→ Assignment
Pictures stay out of the copy; set down each line of the listing below exactly.

→ Source data
────
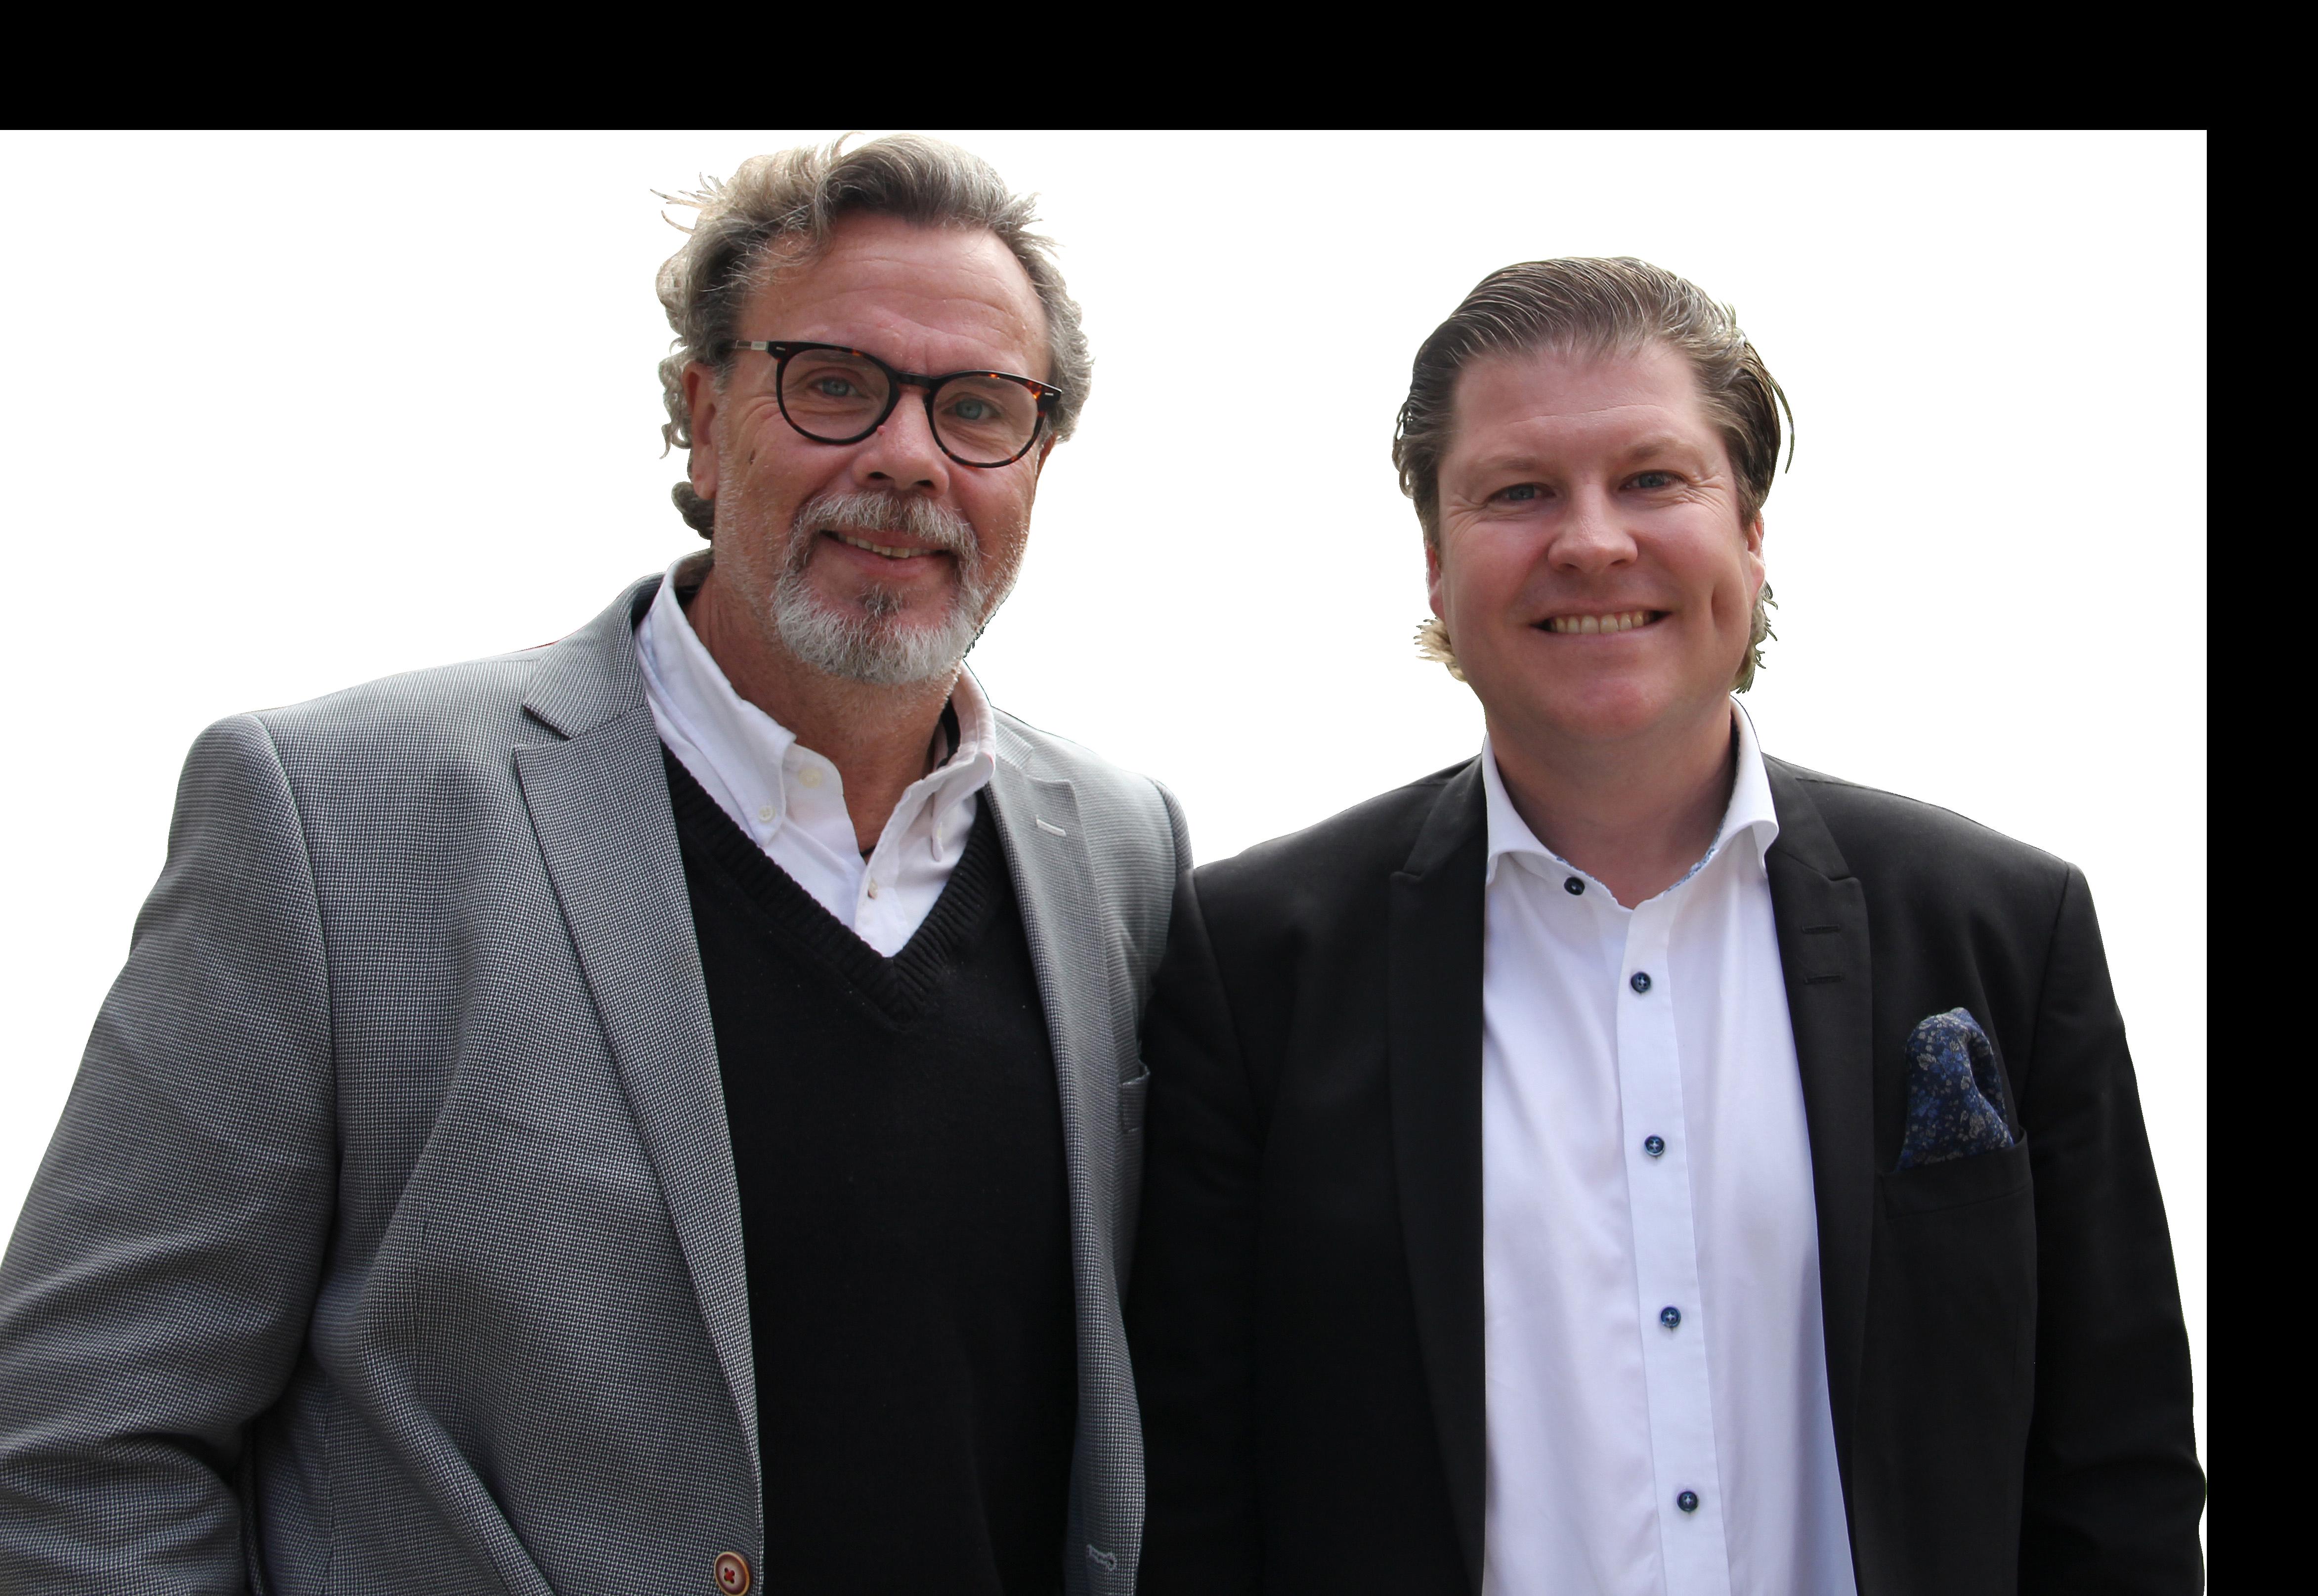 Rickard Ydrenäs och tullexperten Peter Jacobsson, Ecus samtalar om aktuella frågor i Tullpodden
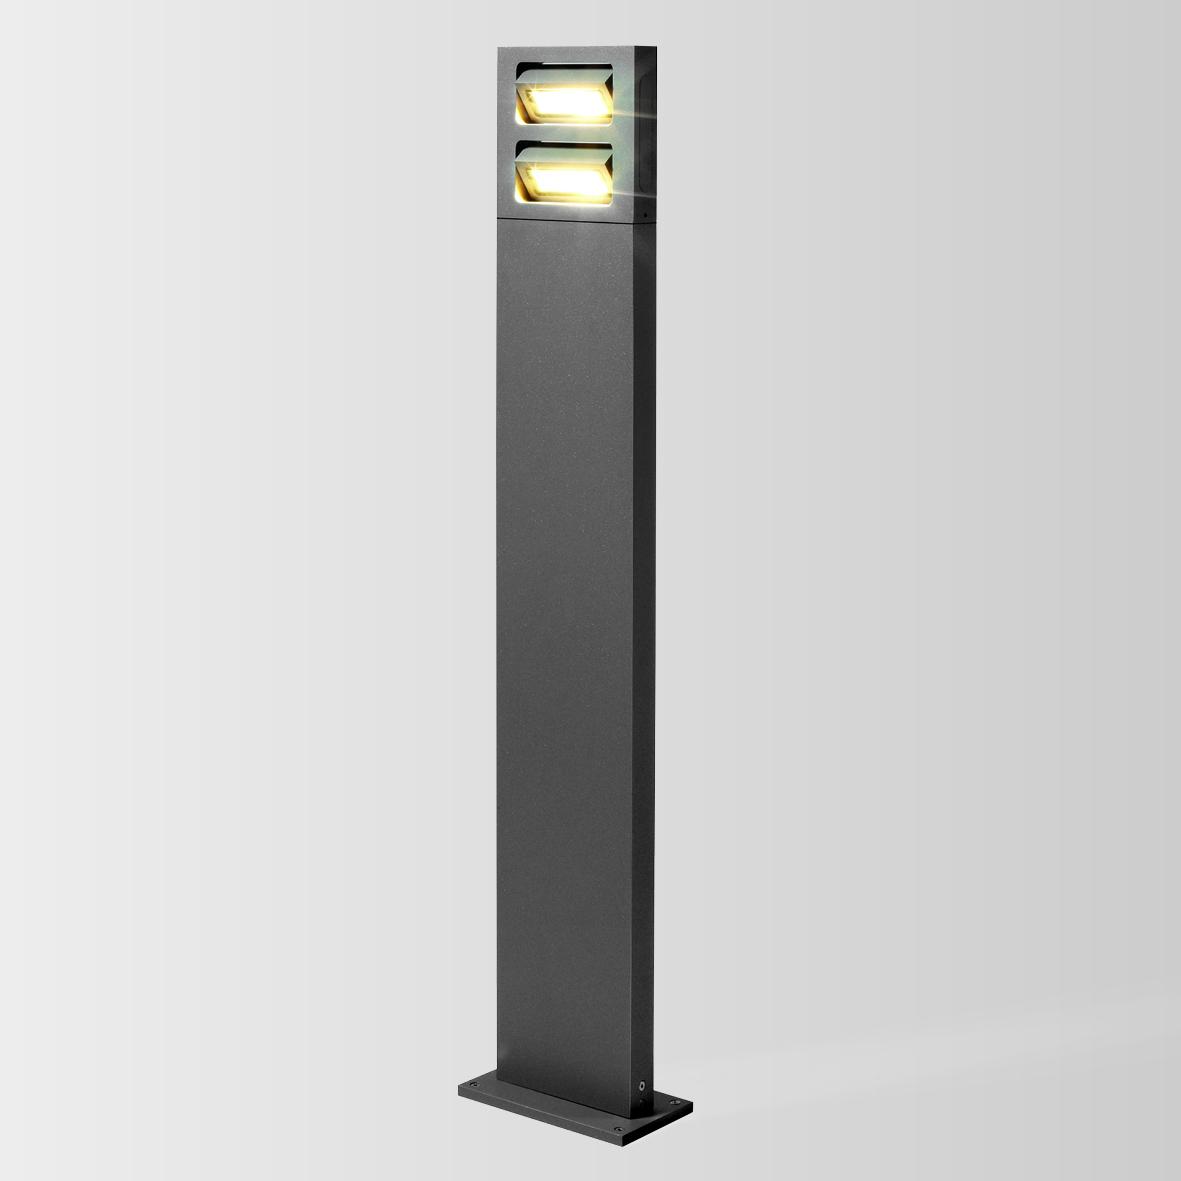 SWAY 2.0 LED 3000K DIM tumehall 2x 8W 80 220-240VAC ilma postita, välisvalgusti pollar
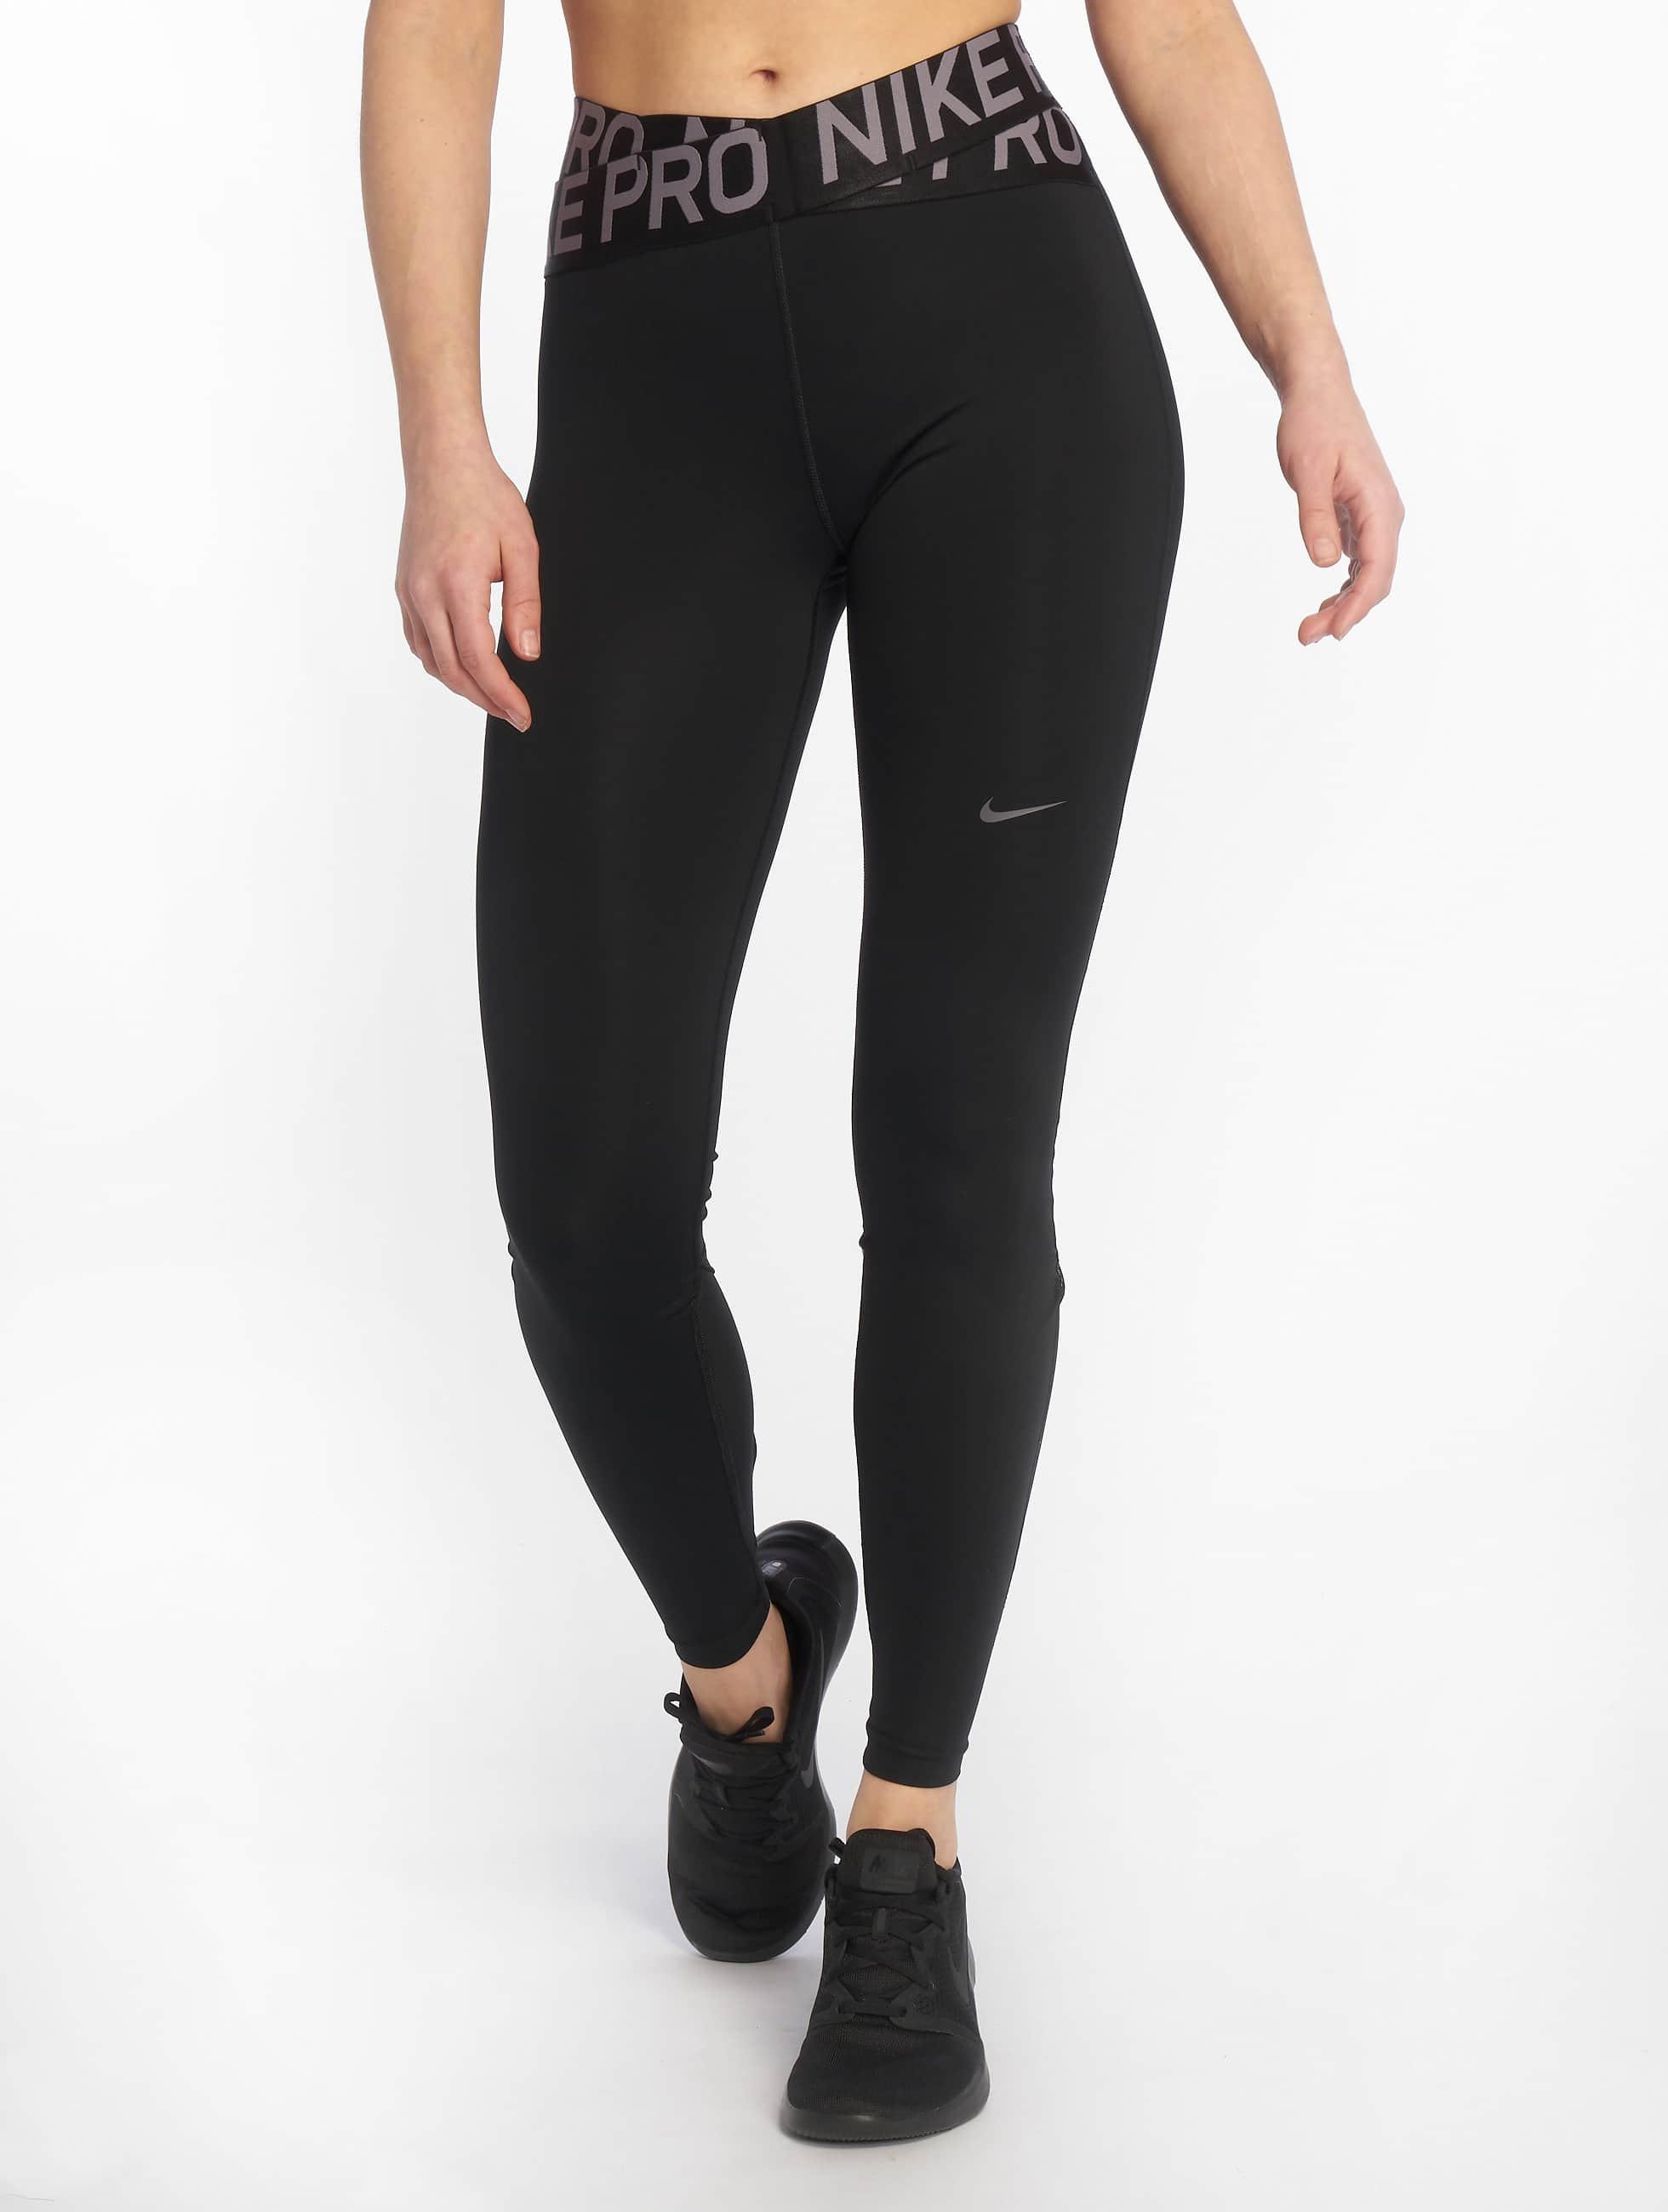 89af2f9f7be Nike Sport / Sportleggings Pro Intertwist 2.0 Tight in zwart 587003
────
→ Your solution
 Rickard Ydrenäs och tullexperten Peter Jacobsson, Ecus samtalar om aktuella frågor i Tullpodden
 SWAY 2.0 LED 3000K DIM tumehall 2x 8W 80 220-240VAC ilma postita, välisvalgusti pollar
 89af2f9f7be Nike Sport / Sportleggings Pro Intertwist 2.0 Tight in zwart 587003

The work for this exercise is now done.